Replacing a complex system is not an easy task or project. During the migration process, we need to deal with two systems and migrate features gradually. Moreover, the systems’ users have to know where a particular feature is located and need to be updated to point to the new location.
Solution
Setup a new application and start replacing the features with new services in the new application.
The idea is to create a façade to intercept requests going to the legacy system and route them either to the legacy or the new application.
Next, the features in the old system can be migrated gradually to the new system. Hence, clients will notice the change when they will be redirected to the new user interfaces. The new application must redirect them to the old system.

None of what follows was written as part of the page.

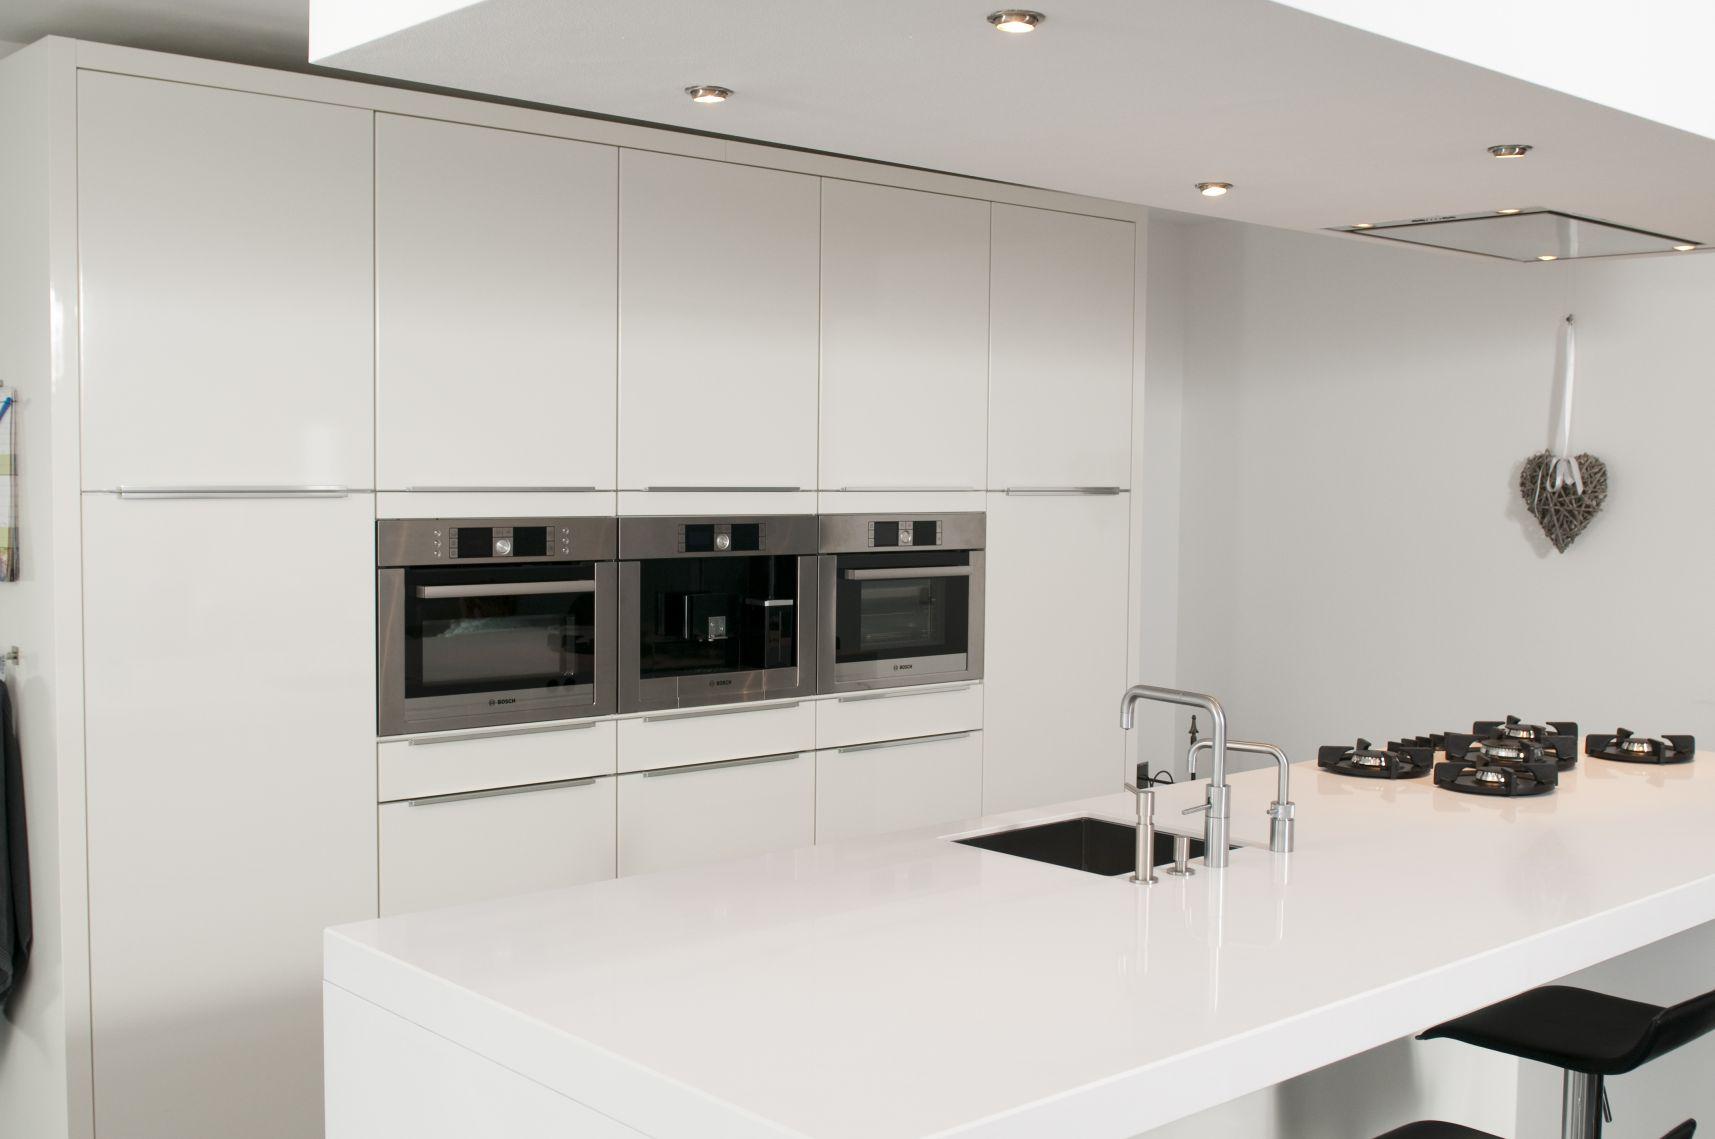 Witte keukens met grijs werkblad - Witte keuken met zwart werkblad ...

With the façade system, risks become accepted, and the development effort can be spread over time, particularly when we can not replace an old and complex system in one or two months. The routing helps to redirect the users safely to the “correct” services so teams can work on the migration with ease while ensuring the legacy application continuing to work.
Over time, when the new features are stable, the teams can disable the redirection, and the legacy system is eventually “strangled” and is no longer necessary.

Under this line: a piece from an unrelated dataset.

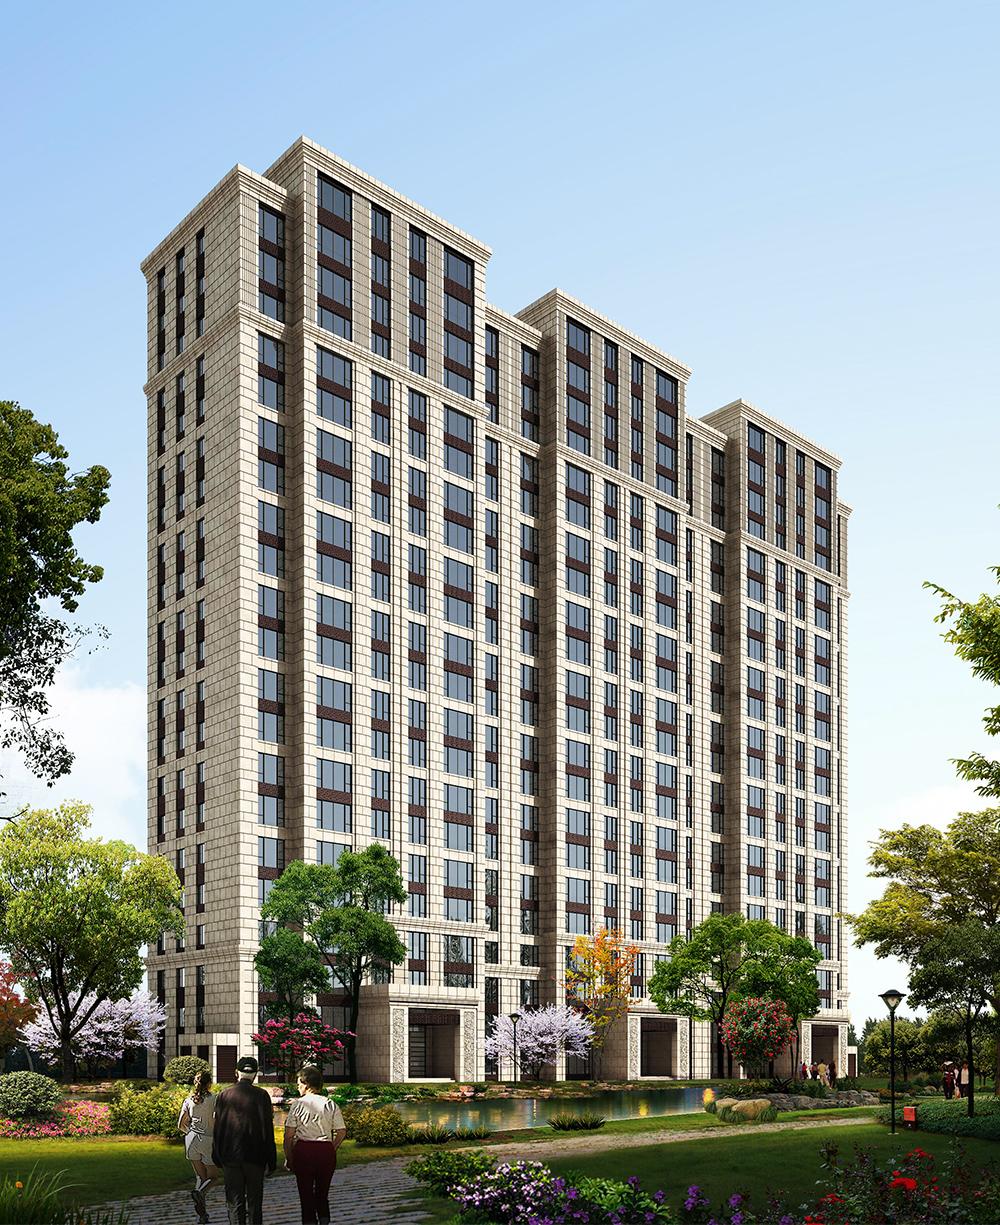 礼制私家园林豪宅  精工品质至尊巨献 ——北京承达中标北京紫辰院项目

Once the migration is complete, the legacy system can safely be retired.
Issues and Considerations
There are many factors to consider and strategies to follow during the switching to the new systems.
Set up a plan to do migration and strangling by grouping common features and removing all unnecessary dependencies. This step is important for integrating the façade and the interception of requests and avoiding making it a single point of failure or a performance bottleneck.
Does the new and old system share the same databases? I am not sure. The new applications always come with new features, so we will not have the same data schema. Data synchronization tools in the two ways are required to help switch back to the old schema of the old system easily when the recent versions of the new application are not stable or compatible.
Security and data access are essential aspects, and the teams must provide a system that can work with the new and old systems.
When to Use This Pattern
We can use this pattern when gradually migrating an application to a new architecture. This pattern may not be suitable when requests to the back-end system cannot be intercepted and smaller systems where the complexity of wholesale replacement is low.